The supply of nurses has increased during the past
four years, Geolot said, but at a slower rate than
in the past. It’s the lowest increase since 1977.
That reflects the lower number of grads entering the
workforce vs. a larger body of exiting nurses.
But, Geolot said, "We’re pleased that more men are
entering. Male nurses made up 5.4 percent of the
workforce in 2000, whereas in 1996, they made up 4.9
percent of it."
The number of racial and ethnic minorities in
nursing also has increased, she said.
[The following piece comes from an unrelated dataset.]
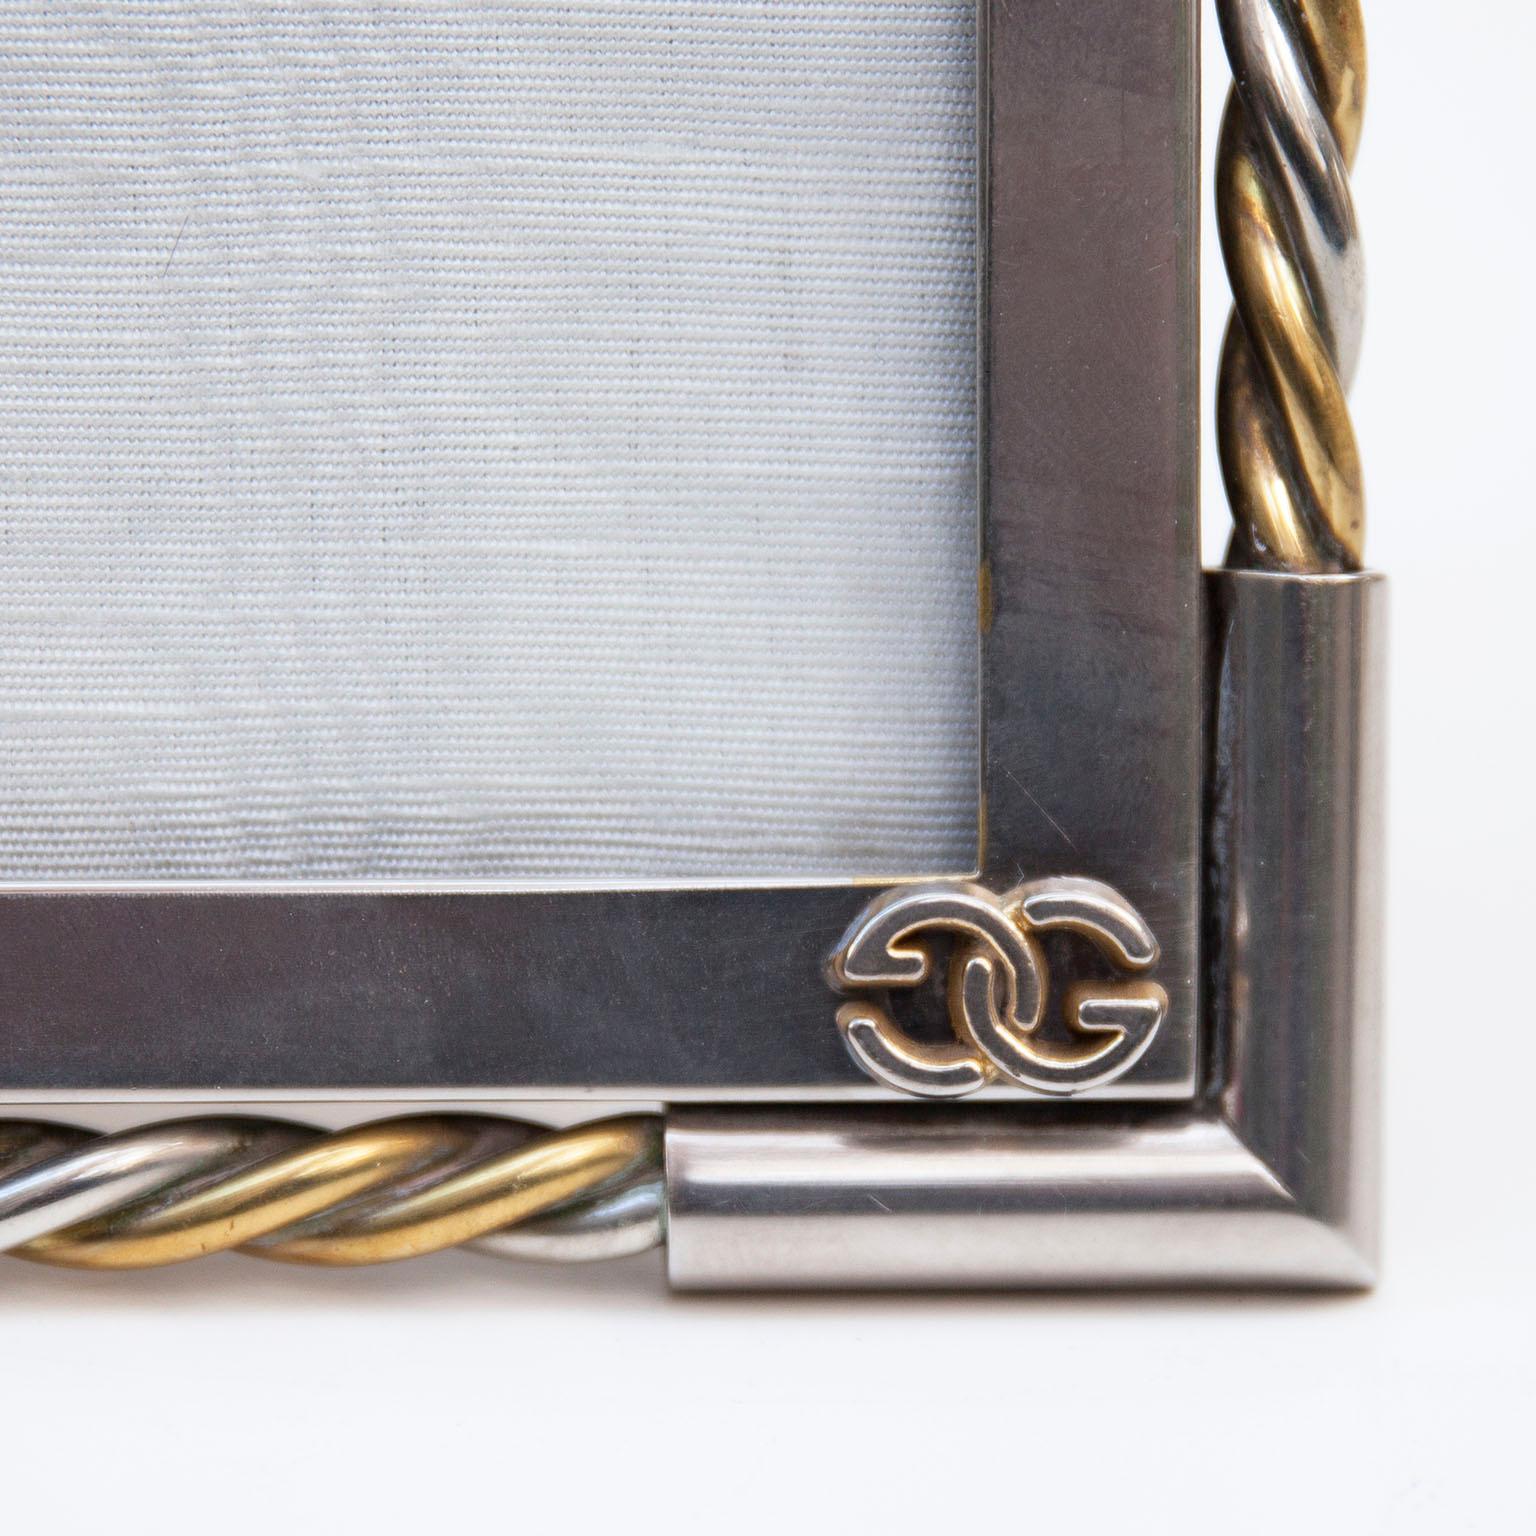 Late 20th Century Luxury Vintage Gucci Picture Frame, 1970

In 1996, they
made up 10.3 percent of the workforce vs. 12.3
percent in 2000. Still, Geolot said, those numbers
are lower than she’d like to see.
HRSA will funnel the data from the National Sample
Survey into a forecasting model to be released this
summer, which will further help predict nursing
supply and requirements in 2010, Geolot said.
The Web site for the survey is www.bhpr.hrsa.gov.
Since 1977, HRSA has–every four years–released
extensive and comprehensive sources of statistics on
characteristics of all nurses with current licenses
to practice, Geolot said. The 2000 survey went out
to 54,000 nurses. Of those, 4,520 were excluded
because of duplicate licensure, so the survey polled
a total of 49,480 nurses, or 72 percent.
Of course, Geolot said, there’s lots of interest in
looking into solutions about the future; many states
are investigating strategies and congressional
hearings lately address legislation toward reducing
the shortage.
Improving the image
The good news is that much already is being done in
an effort to reverse the trend.
In Massachusetts, unions and employers are pushing
for the Clara Barton Act proposed by state Sen.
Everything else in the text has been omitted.